Local and international research has demonstrated the potential of translanguaging or trans-semiotising practices such as Ensha's for supporting scientific argumentation, conceptual understanding, and learners' confidence in their own epistemic abilities. However, the goal in the vast majority of cases researched is ultimately to promote access to knowledge in the second language, that is, to support a transition to the official language of schooling. Translanguaging, therefore, very often remains "an affirmative rather than transformative strategy, leaving underlying hierarchies of value and relations of knowing unchanged and promoting epistemic access rather than justice"1(p.464). The concept of languaging19 seems better able to carry the onto-epistemological challenge of rethinking language in education.

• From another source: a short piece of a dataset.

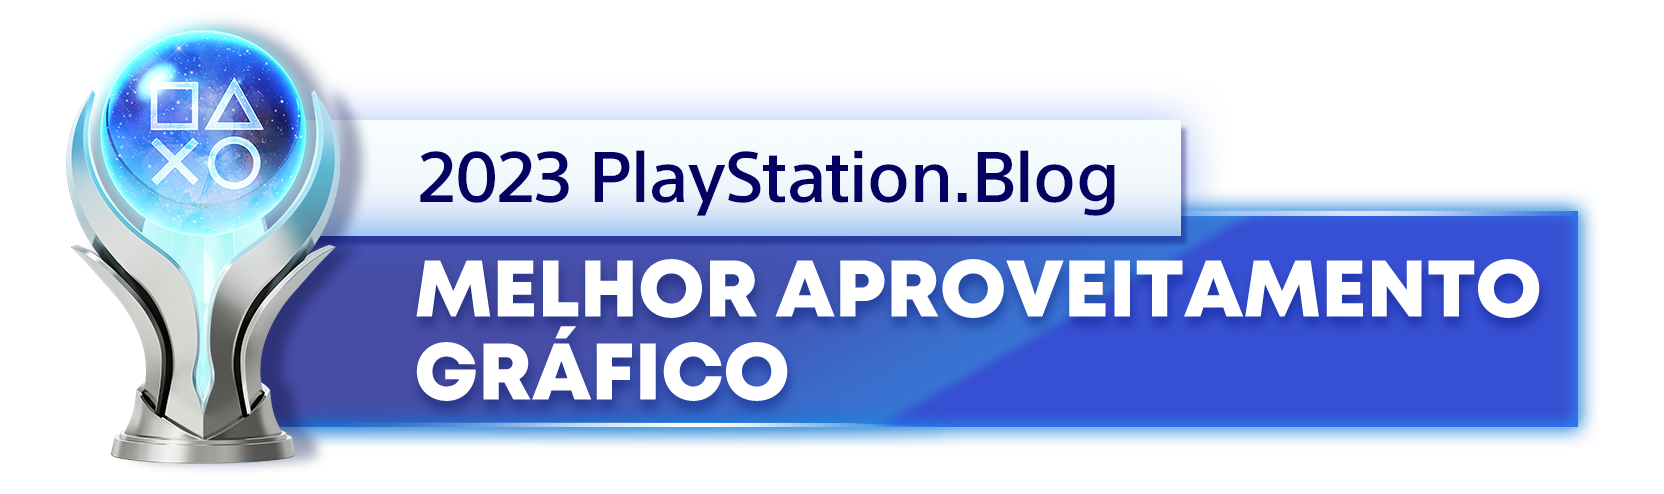  "Troféu de Platina para o vencedor da categoria Melhor Aproveitamento Gráfico de 2023 do PlayStation Blog."

While translanguaging suggests moving across fixed language boundaries, languaging captures the flexibility of spontaneous multilingual practices, dynamically combining languages and language varieties and incorporating a plurality of expressive practices.

The practical implications of these conceptual moves include the following:

Begin with multilingualism as the norm and see multilingual practices as the basis for acquiring and producing knowledge.

Recognise all linguistic varieties and semiotic modes as legitimate in producing and mediating knowledge.

Encourage teachers to move ahead with multilingual learning even when the resources commonly thought necessary are not yet in place.

Promote peer mediation processes, especially in highly diverse classrooms where teachers cannot be proficient in all languages spoken.

The choice of first language instruction and/or translanguaging pedagogies will depend on the profile of the learners. Therefore, decentralise decision-making and support teachers and schools to develop multilingual policies, pedagogies and practices from the ground up.

Offer pre- or in-service bilingual teacher education which models processes of pedagogical translanguaging, multilingual learning and assessment, along with ethical relations of knowing.

Engage with teachers, caregivers, and communities to enrich understandings of the value of multilingual resources and multilingual literacy practices.

Experience in the LTP further demonstrates that publishers are ready and willing to produce bi- or even multilingual texts when sure of state support. Moreover, rapid developments in technology and expanded digital access across Africa offer enriched possibilities for the support and development of multilingual literacies and learning across the curriculum (see for example, the online African Storybook project in over 200 languages20 and work done on simulated classrooms for teacher education21).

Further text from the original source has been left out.